In some cases the intact skin is prestreched, like wetsuits around the
diver's body, and in other cases the intact skin is under compression.
Small circular holes punched on the skin may widen or close into
ellipses, or shrink and remain circular, depending on preexisting
stresses.
Aging
Tissue homeostasis generally declines with age, in part because stem/progenitor cells fail to self-renew or differentiate. In the skin of mice, mitochondrial oxidative stress can promote cellular senescence and aging phenotypes. Ordinarily mitochondrial superoxide dismutase (SOD2)
protects against oxidative stress. Using a mouse model of genetic
SOD2 deficiency, it was shown that failure to express this important
antioxidant enzyme in epidermal cells caused cellular senescence,
nuclear DNA damage, and irreversible arrest of proliferation of a fraction of keratinocytes.
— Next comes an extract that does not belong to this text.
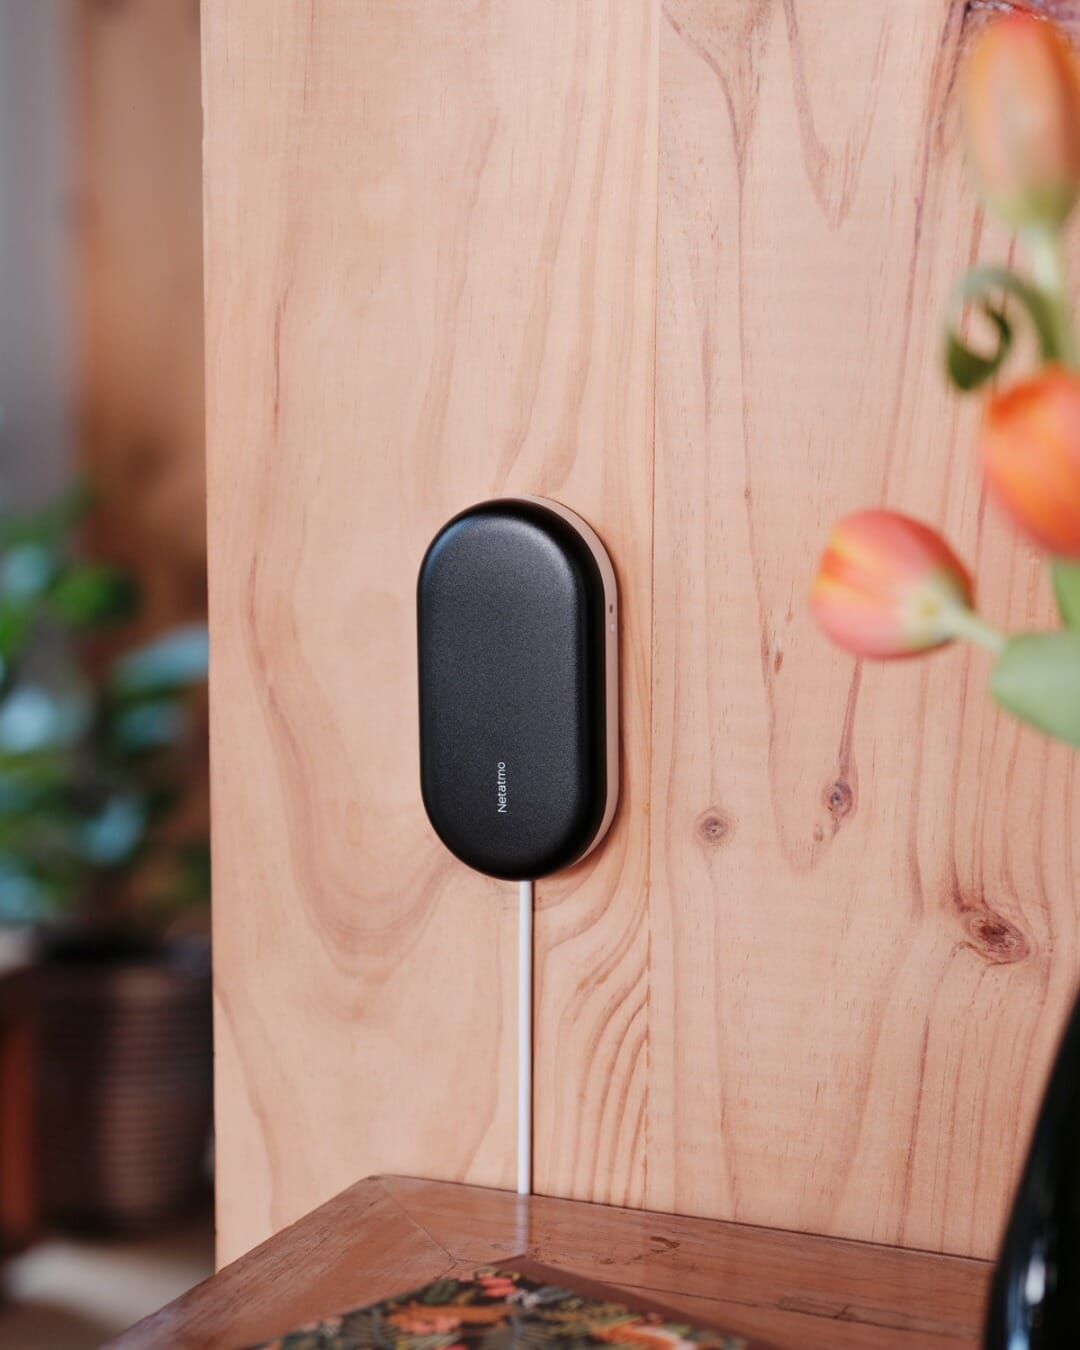 The Clever Netatmo Smart Air Conditioner Controller

Skin aging is caused in part by TGF-β, which reduces the subcutaneous fat that gives skin a pleasant appearance and texture. TGF-β does this by blocking the conversion of dermal fibroblasts into fat cells; with fewer fat cells underneath to provide support, the skin becomes saggy and wrinkled. Subcutaneous fat also produces cathelicidin, which is a peptide that fights bacterial infections.
Society and culture
The term "skin" may also refer to the covering of a small animal, such as a sheep, goat (goatskin), pig, snake (snakeskin) etc. or the young of a large animal.
The term hides or rawhide refers to the covering of a large adult animal such as a cow, buffalo, horse etc.
Skins and hides from the different animals are used for clothing, bags and other consumer products, usually in the form of leather, but also as furs.